Frontman Jim Kerr previews an extended road trip from the Glaswegian band.
How do you prepare mentally and physically for a twenty-nine-date tour?
It’s hard, because people want to see you looking good – but not too good: “Those teeth look a bit new to me… And that hairline?” It’s about desire. People in Ipswich don’t care how the band had played in Inverness.
Do you understand what Classic Rock’s reviewer Stephen Dalton meant when he said Simple Minds’ most recent album, Big Music, saw the band “dressing towards their disco-rock side”?
No. That’s daft. The consensus was that we had referenced our early days but bridged that with something that was very current.
**The same review also said: “Simple Minds still sound like they have passionate messages to impart.” **
In that case I will cut Stephen some slack. As long as they mention our passion and our energy, reviewers can write what they like.

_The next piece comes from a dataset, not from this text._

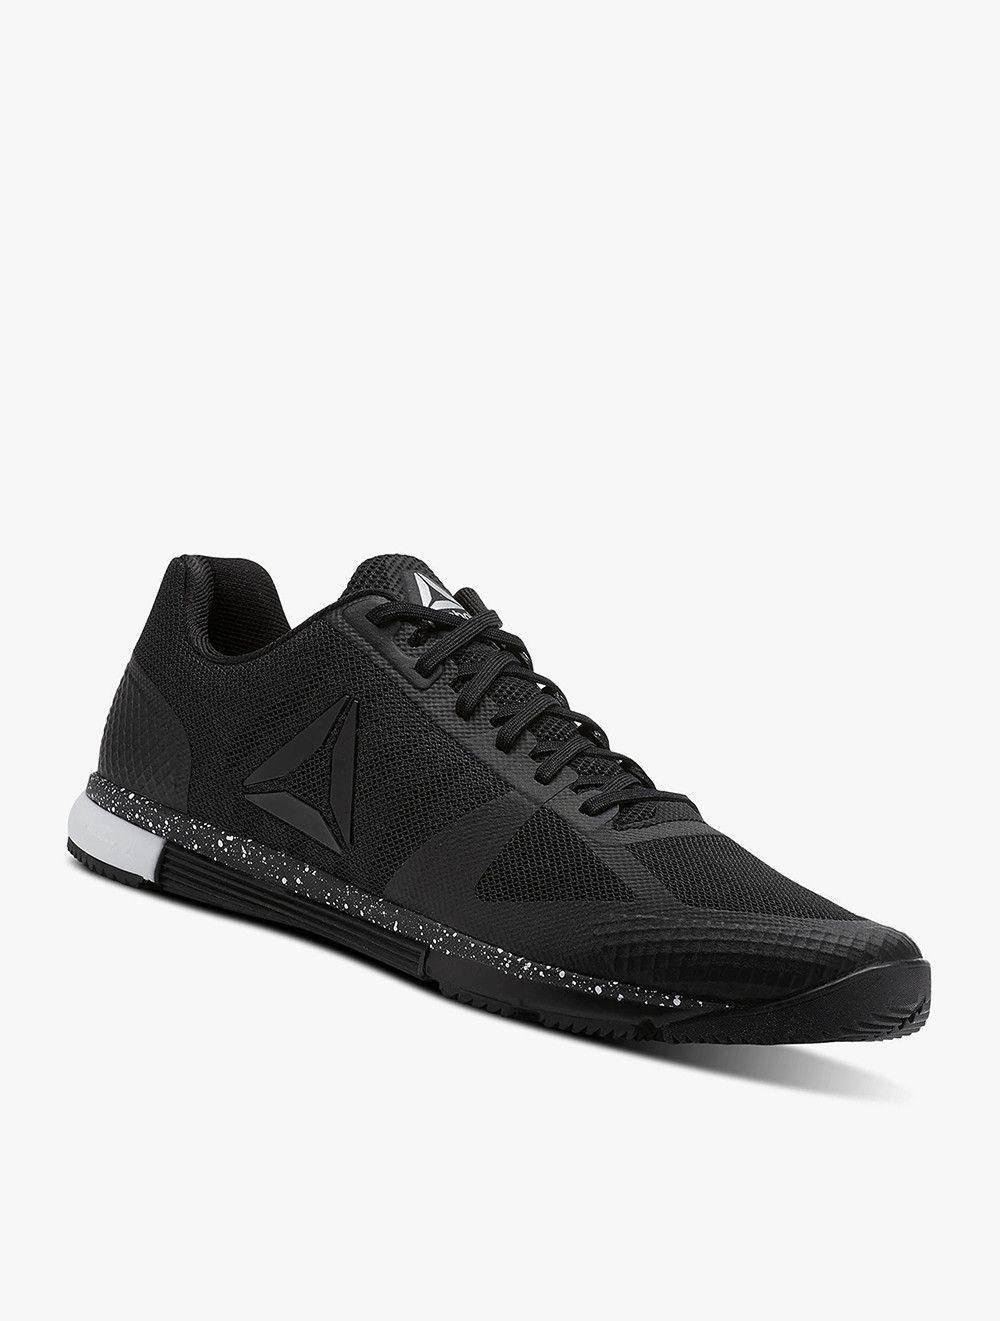 Crossfit Speed Tr 2 0 Men S Training Shoes Sepatu Pria
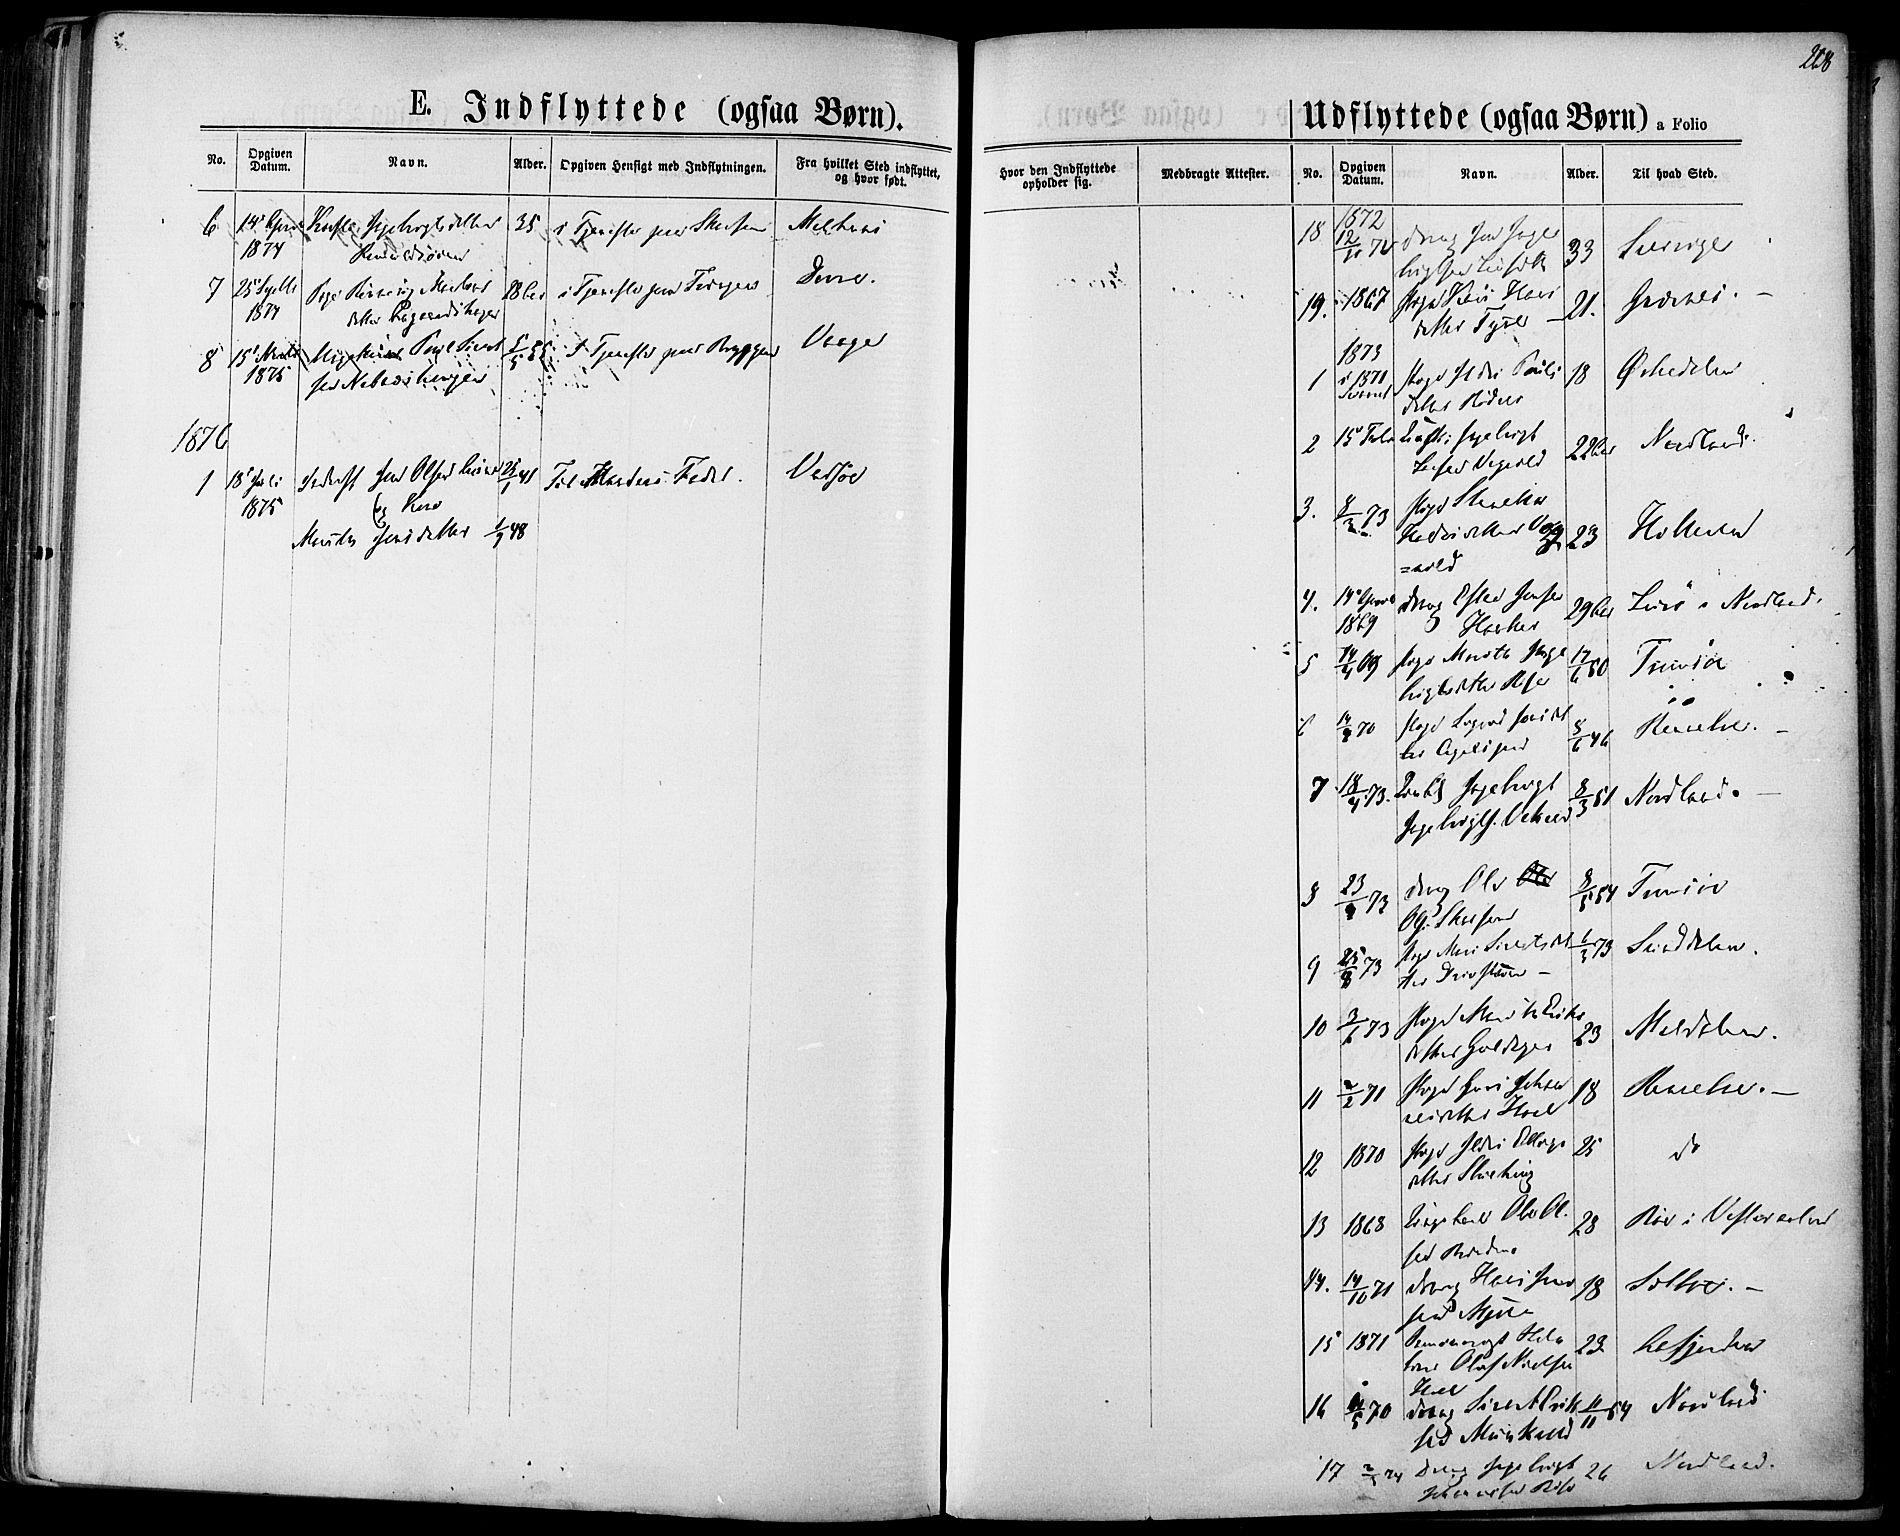 SAT, Ministerialprotokoller, klokkerbøker og fødselsregistre - Sør-Trøndelag, 678/L0900: Ministerialbok nr. 678A09, 1872-1881, s. 268

After sixteen albums, does it become difficult to come up with new ideas?
It’s happened to the greats. With us, ten years ago it felt like trying to get blood out of a stone. But since then we’ve made the band central to our lives again and the flow of inspiration returned.
2017 will mark the band’s fortieth anniversary. Are you already thinking that far ahead?
Yeah. There’ll be a documentary, a photo-book, and we’d like to release some new material, as well as giving the catalogue another once-over.
Did you follow the progress of your ex-wife Patsy Kensit on Celebrity Big Brother?
I don’t watch much TV at all.
What if you were asked to appear in the next series?
I’d politely sidestep. But I hope in a couple of years you don’t switch on and there I am on the screen.
The tour begins in Grimsby on March 27.